Table 4 The hyperparameter settings using human experience
Hyperparameter Setting
Epoch 2000
Batch size 512
Learning rate 0.001
Optimizer Adam
Fully connected layers after GNN 2
Fully connected layers after concatenation 2


3.3 Performances of various GNN models

In order to improve the precision of the DTA prediction, it is very important to choose an effective GNN model to describe the protein at the first step. The most important factors that affect the performance of model include the architecture of GNN and the number of layers. Therefore, two architectures (GCN and GAT) and different numbers of layers are implemented for performance comparison. The detailed implementation is shown in Table 5, including 8 combinations. The Davis database is used for the experiment. Because there are hundreds or even thousands of nodes in the protein graph, too many layers will lead to using up of memory for the graphic card. So only up to three layers are tested. Different GNN model performances are shown in Table 6.
Table 5 Combinations of various GNN models on Davis dataset
Model Number of layers Layer1(in, out, head) Layer2(in, out, head) Layer3(in, out, head)
GCN 1 GCN(54, 54)
GCN 2 GCN(54, 54) GCN(54, 108)
GCN 3 GCN(54, 54) GCN(54, 108) GCN(108, 216)
GAT 1 GAT(54, 54, h = 2)
GAT 2 GAT(54, 54, h = 2) GAT(54, 108, h = 2)
GAT 3 GAT(54, 54, h = 2) GAT(54, 108, h = 2) GAT(108, 216, h = 2)
GAT&GCN 1&1 GAT(54, 54, h = 2) GCN(54, 108)
GCN&GAT 1&1 GCN(54, 54) GAT(54, 108, h = 2)

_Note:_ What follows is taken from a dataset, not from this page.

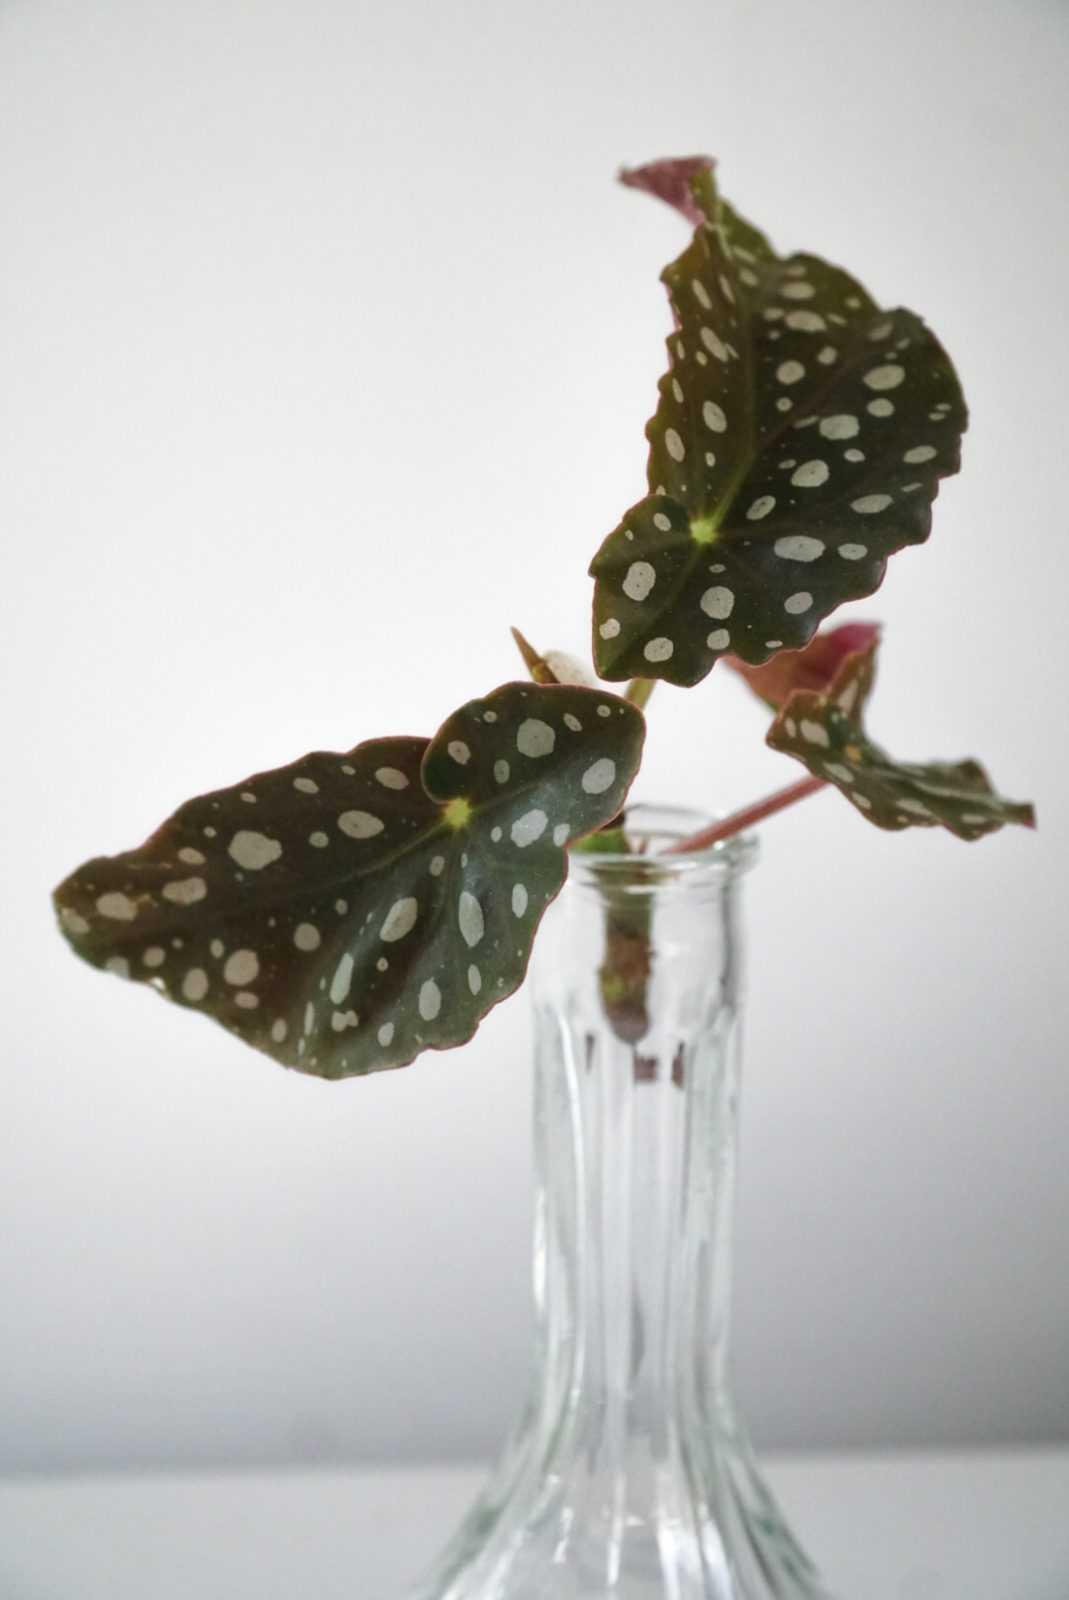 begonia maculta stippenbegonia polkadotplant polka dot polkadot kopstek plant plantje stek stekje terracotta pot potje glas glaasje rood

Table 6 Performances of various GNN models on Davis dataset
Model Number of layers CI (std) MSE (std) Pearson (std)
GCN 1 0.891(0.003) 0.221(0.004) 0.852(0.006)
GCN 2 0.891(0.004) 0.216(0.003) 0.856(0.006)
GCN 3 0.894(0.002) 0.216(0.003) 0.856(0.006)
GAT 1 0.890(0.004) 0.220(0.005) 0.853(0.009)
GAT 2 0.893(0.002) 0.216(0.004) 0.856(0.008)
GAT 3 0.889(0.002) 0.218(0.006) 0.854(0.010)
GAT & GCN 1 & 1 0.892(0.005) 0.218(0.004) 0.854(0.008)
GCN & GAT 1 & 1 0.891(0.003) 0.216(0.005) 0.859(0.008)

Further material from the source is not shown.